I had hoped to be able to brag in this blog this week about finishing the first draft of my new Inspector Green novel, which has been trundling along at a leisurely pace since last winter. I had set the goal of September 15 to get to the end, but unfortunately, this novel refuses to end. It is rambling on and on, which I know is not a good thing in any novel, let alone a mystery, but new complications keep cropping up and right now it feels like a tangled string.. It's supposed to be 90,000 words (give or take) and I am already at about 93,000, with the ending tantalizingly close but still playing hard to catch as I approach it. During rewrites, I do delete and tighten, but I also expand and enrich, so normally I end up with a fairly stable word count.
When I am writing the first draft of a novel, I'm in creative mode and don't want to lose that edge and momentum by editing or rewriting as I go along. It's full steam ahead and fix the plot holes, wobbly characters, and dropped loose ends once I get the whole story down. Since I don't outline and only plot in fits and starts as the story evolves, I don't know what the story is about or its full shape, until I reach the end.

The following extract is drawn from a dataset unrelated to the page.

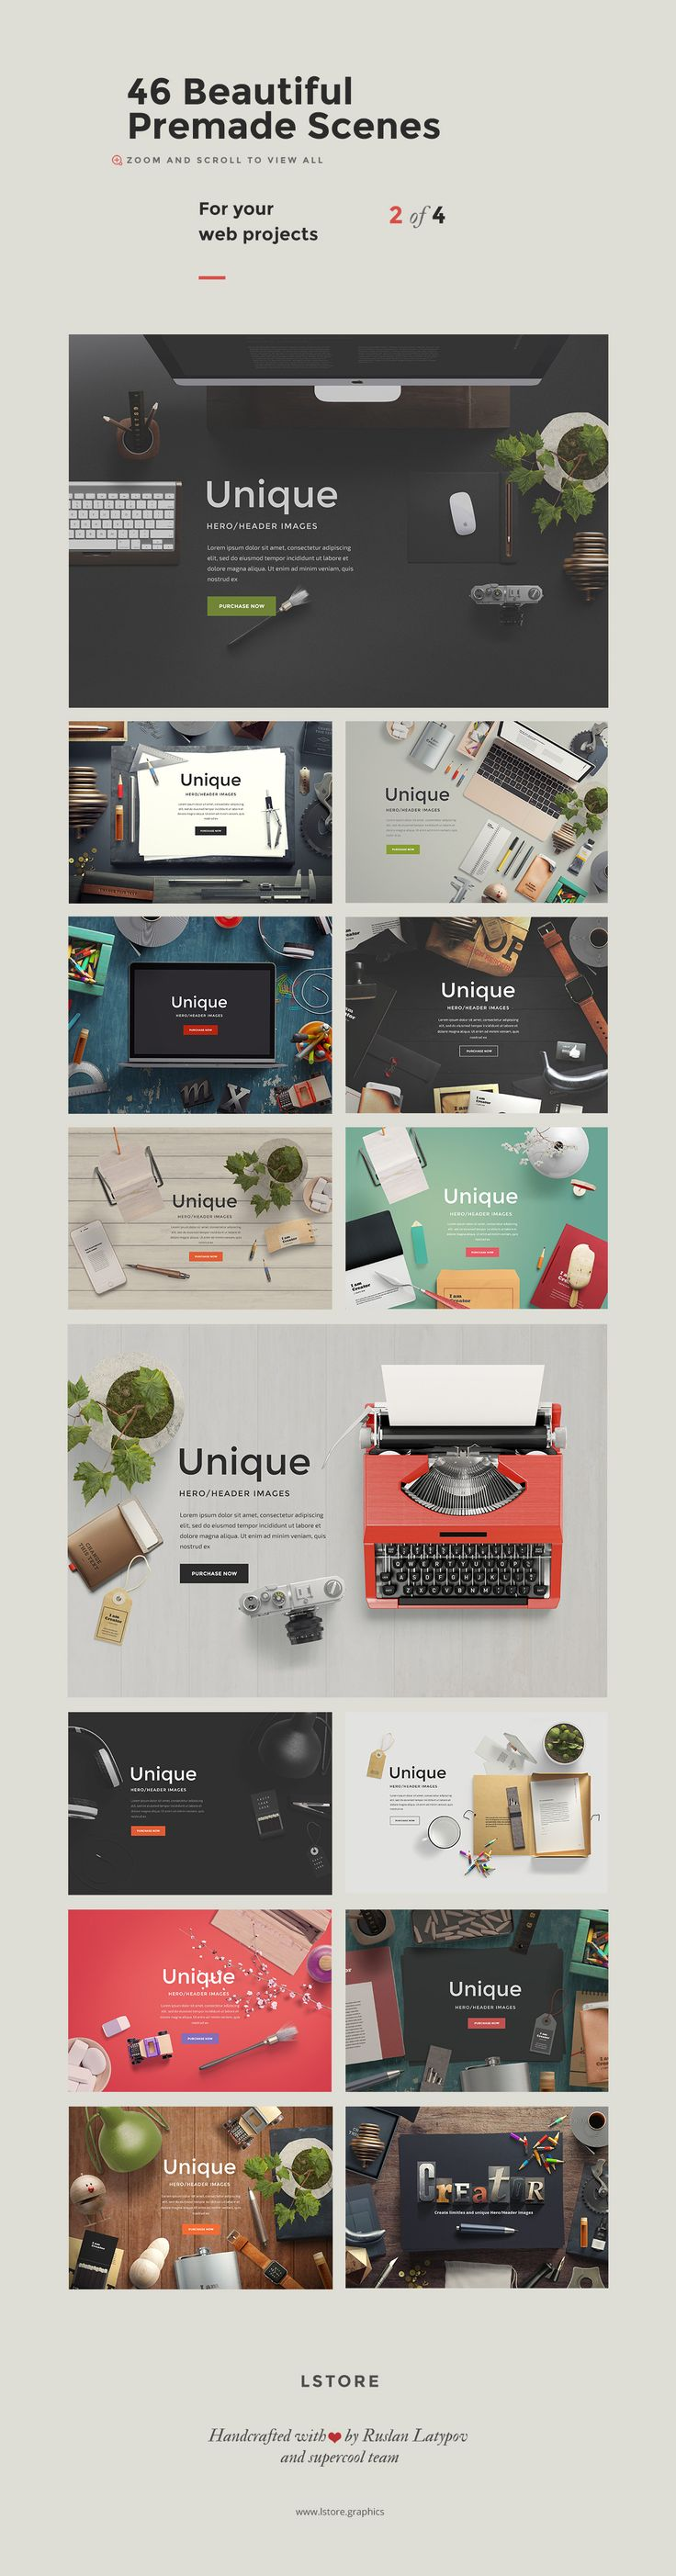 Poster design generator - I Am Creator Topview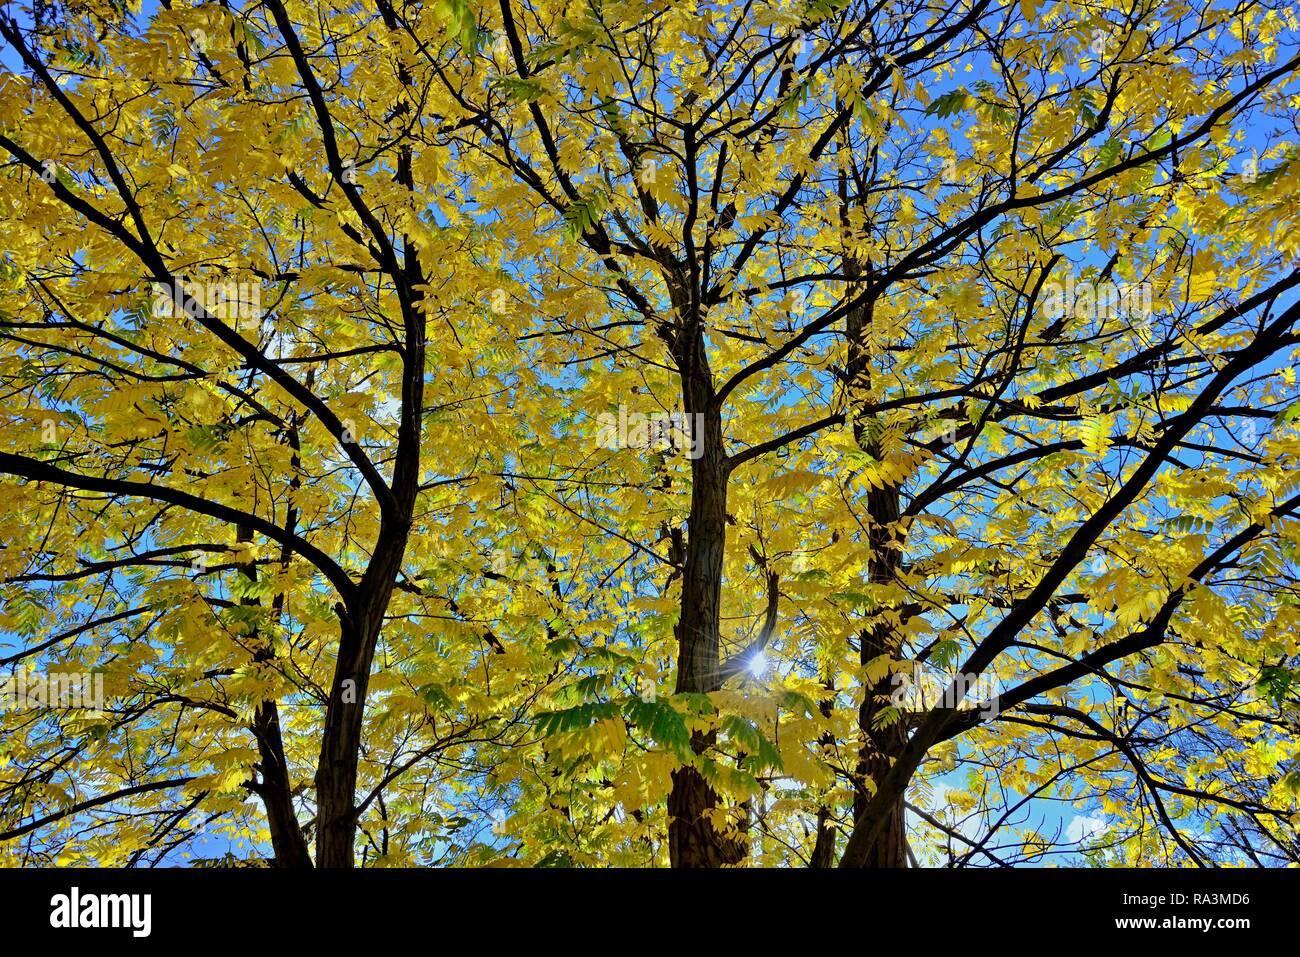 Caucasian wingnut (Pterocarya fraxinifolia), treetops with autumn leaves against a blue sky, North Rhine-Westphalia, Germany - Stock Image

A lot of fixing and tidying happens in second draft, or third or fourth.
I suspect when I finally reach the end this time, I will have a lot of tidying up to do. I like my books to pick up momentum as they near the end, not ramble on with endless complications to be solved. I hope when I write my next blog in two weeks, I will have written The End and will have good news to report. It's a book, it's going to work, and I can fix this.